FACEBOOK'DAN 260 YIL ÖNCE : Cephesi olan ariz, bed huy olur çün mariz. ( Alnı enli olan kötü huylu olur, çünkü marazlıdır ).., Üzni kebir olsa bol, cahil ve kahildir ol. ( Kulağı çok büyük olan bilgisiz ve tembel olur ).., Didesi yumru hasut, evsat olandır vedut.( Gözü yumru olan kıskanç, orta olan dost olur ).., Vechi pek uzun olan, laf ile söyler yalan.( Uzun yüzlü olanlar yalancı olurlar ).., Enf ucu ağıza yakın, olan adamdan sakın. ( Burun ucu ağızına yakın olan adamdan sakın ).., Sakbe-ı eneb olsa bol, kibir ve hased dolmuş ol. ( Burun delikleri geniş olanın içi kibir ve kıskançlıkla doludur )
Yukarıda okuduğunuz; baş ve boyun şekilleri ile insanların huy ve tabiatları arasındaki ilintinin incelendiği ilk ilmi derleme sayılabilecek çalışması ile meşhur Erzurumlu İbrahim Hakkı Efendi'nin Marifetname eserinden bir bölümdür. 86 satırlık tespitlerin özellikle 6 tanesini paylaşmamın nedeni ise ; Bundan tam 20 yıl önce, o dönemde sadece eğitim ve dini ilimler alanında hizmet verdiğini iddia eden bir cemaat liderinin hakkında Erzurumlunun referansı ile şüphe ve tereddütlerimi ifade ettiğim satırlar olması hasebiyledir.., Nefsini terbiye edememişlerin dışında tespitlerinde yanılmadığını iddia eden İbrahim Hakkı, aslında Fizyognomi ilminin de babası sayılabilir.

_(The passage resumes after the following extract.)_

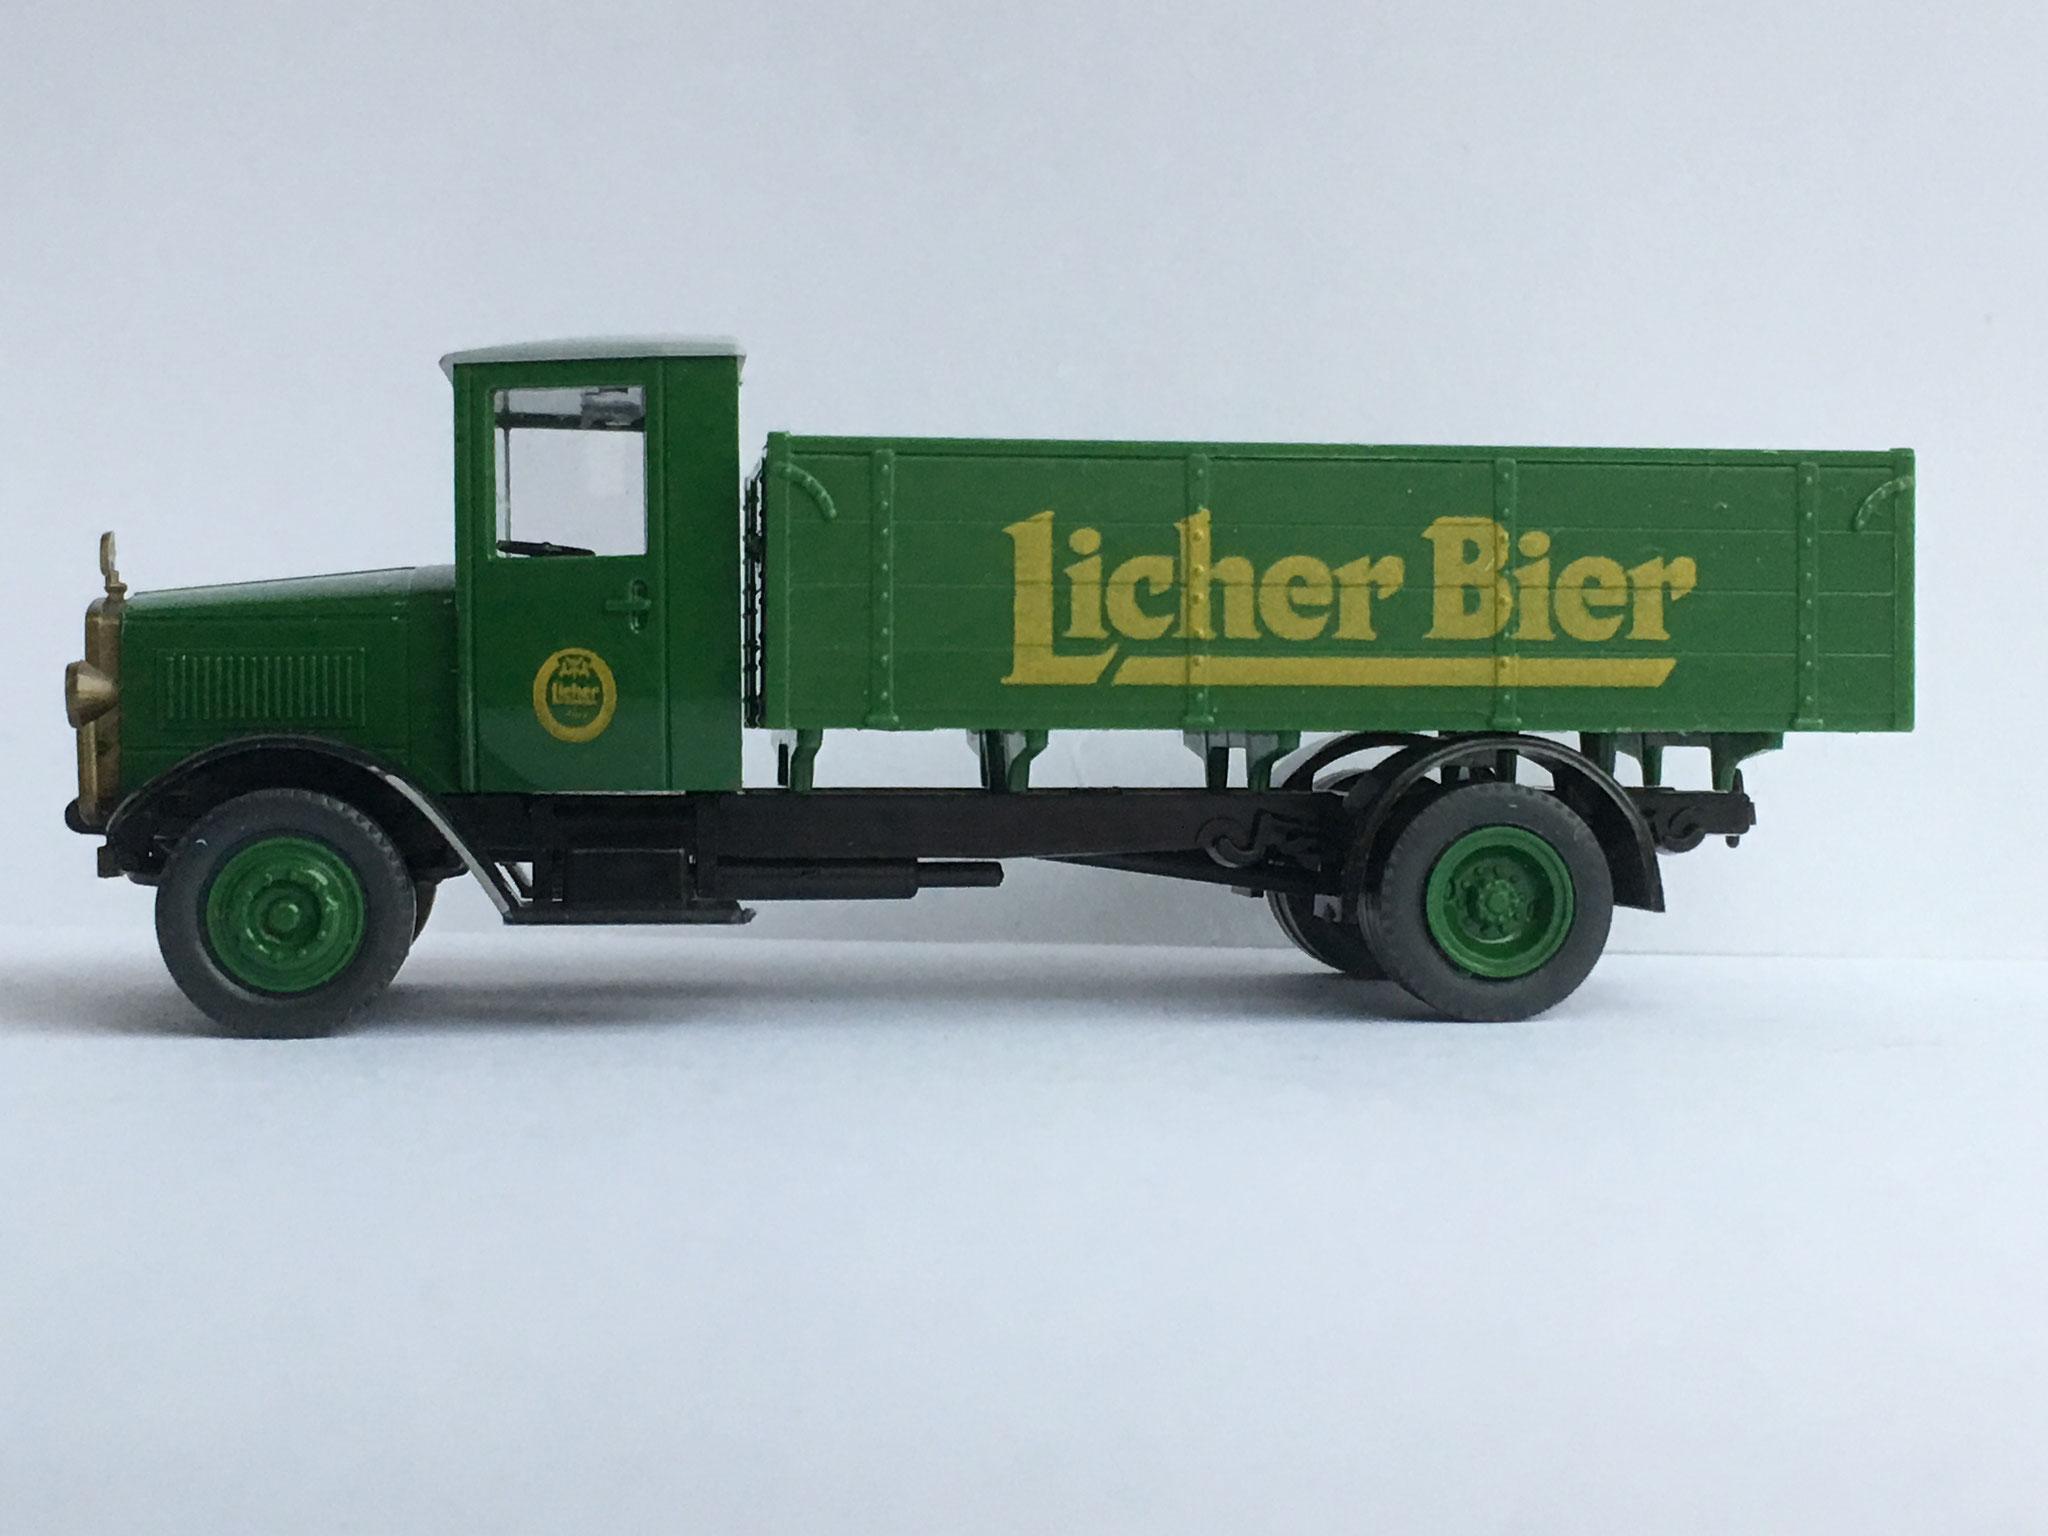 Mercedes L5 Bierwagen Licher Bier, Variante 1, 1989
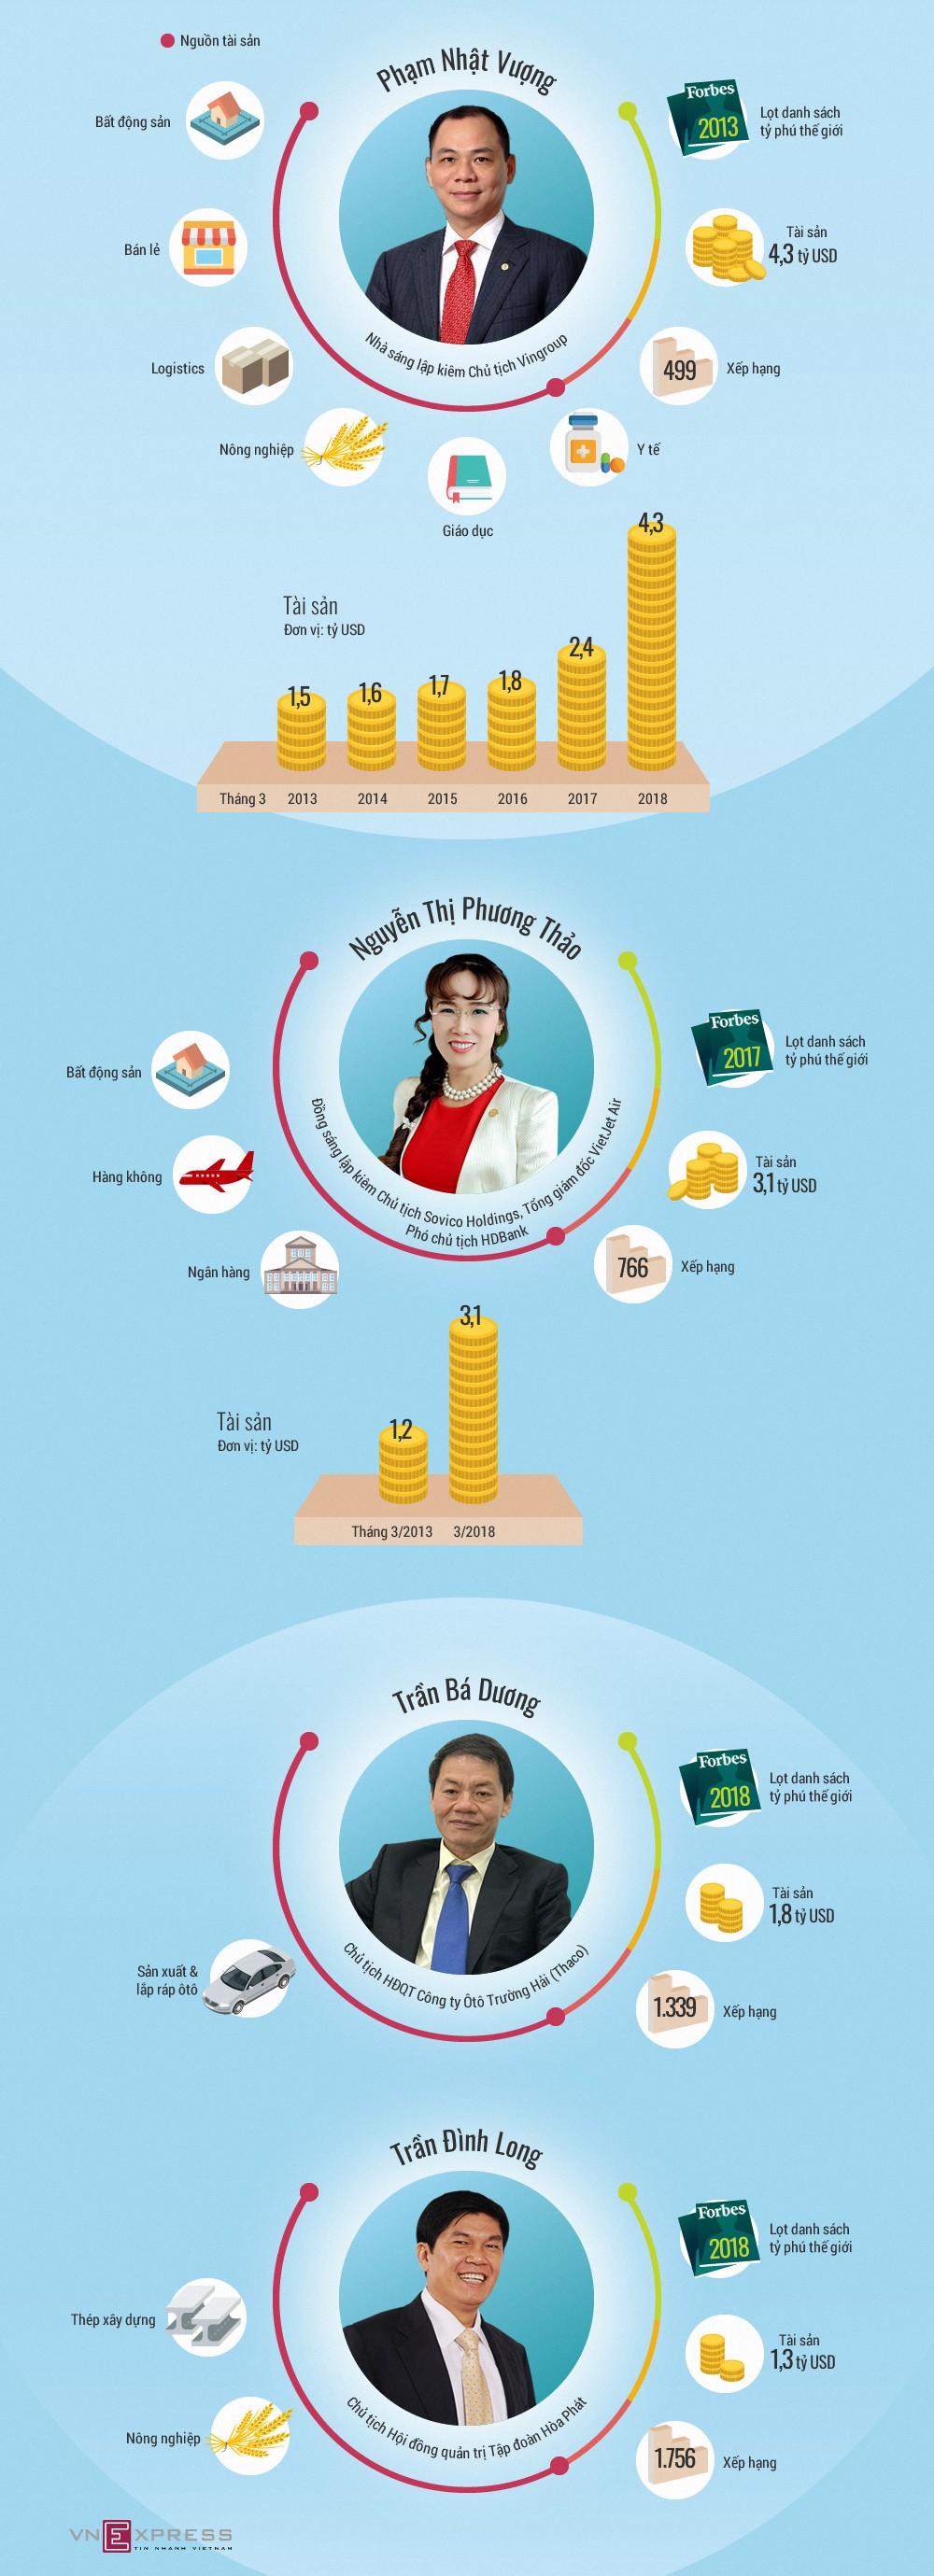 Tài sản của tỷ phú Việt Nam đến từ đâu? - ảnh 1

FACEBOOK DEVRİMİ : Gün itibariyle 2 milyar kullanıcıya ulaşarak müşteri sayısı itibariyle en büyük kapital firma niteliğine de erişen Facebook, aslında biyometrik ruh fotoğraflama yönteminde de çığır açmıştır.., Biyometrik yüz fotoğraflarınızla sizi mahalle mahalle takip edebilen devletler, biyometrik ruh fotoğraflarınızla tüm karakter özelliklerinizi de sınıflandırma şansı yakalamıştır diğer bir taraftan.., Yaşamsal , siyasal ve sosyal tercihleriniz, korku ve endişe öğeleriniz, saplantılı düşün dünyanız ya da dürtüsel tavırlarınız, sevgi besledikleriniz ya da nefret ettikleriniz, paylaştıklarınız dışında ne söylediğiniz ve daha bir çok sosyolojik tavrınızın kayıt altına alındığı bu platformda hepimiz aslında diğer bir taraftan da dijital denekleriz.., Her ne kadar, psikiyatri camiası Facebook bağımlılığı uydurup kendi kişisel nemasını çıkarma peşinde düşüp de yapması gereken sosyopsikanalizi es geçmiş olsa da, facebook davranışları ile kişilik bozuklukları ve nevrozlar arasındaki ilişkiler değerlendirilebilir ve hatta belki de tanı ölçeklerine dahil edilebilecek verilere ulaşmak mümkün olabilir.., Facebook da arkadaş arama davranışları, sık aralıklarla facebook açıp kapatma, belli kişileri engelleme ve arkadaşlıktan çıkarma ve sonrasında tekrardan dahil etme gibi yüzlerce davranış kalıbı ile nevrozların ilişkisi, önünde sonunda psikolojinin ilmi süzgecinden geçecektir ve cevaplanması gereken bir çok sorunun da açıklamasına ulaşılacaktır..!
Örneğin ; Vücuduna girmeden önce yiyeceği yemeğin son halini paylaşan kişinin, 16 saat sonra yemeğin vücudundan çıkış fotoğrafını yayımlamaması bir çeşit facebook adabı sayılmalı mıdır..? Ya da; Evliliğe ilişkin türlü şiirsel ve sanatsal etkinliği paylaşanların, boşanma davası öncesinde avukatlarıyla bir selfie dahi paylaşmamaları dürtüsel midir..? Daha önce ifade tuşu olarak sadece beğen tuşu olmasından mütevellit; ölüm döşeğindekilerin , trafik kazalarının ve cenazelerin beğenildiği bir ülkede, hüzün, endişe sevinç, saygı ya da tapınma tuşunun eklemlenmesi bir sosyolojik ferahlama mıdır..?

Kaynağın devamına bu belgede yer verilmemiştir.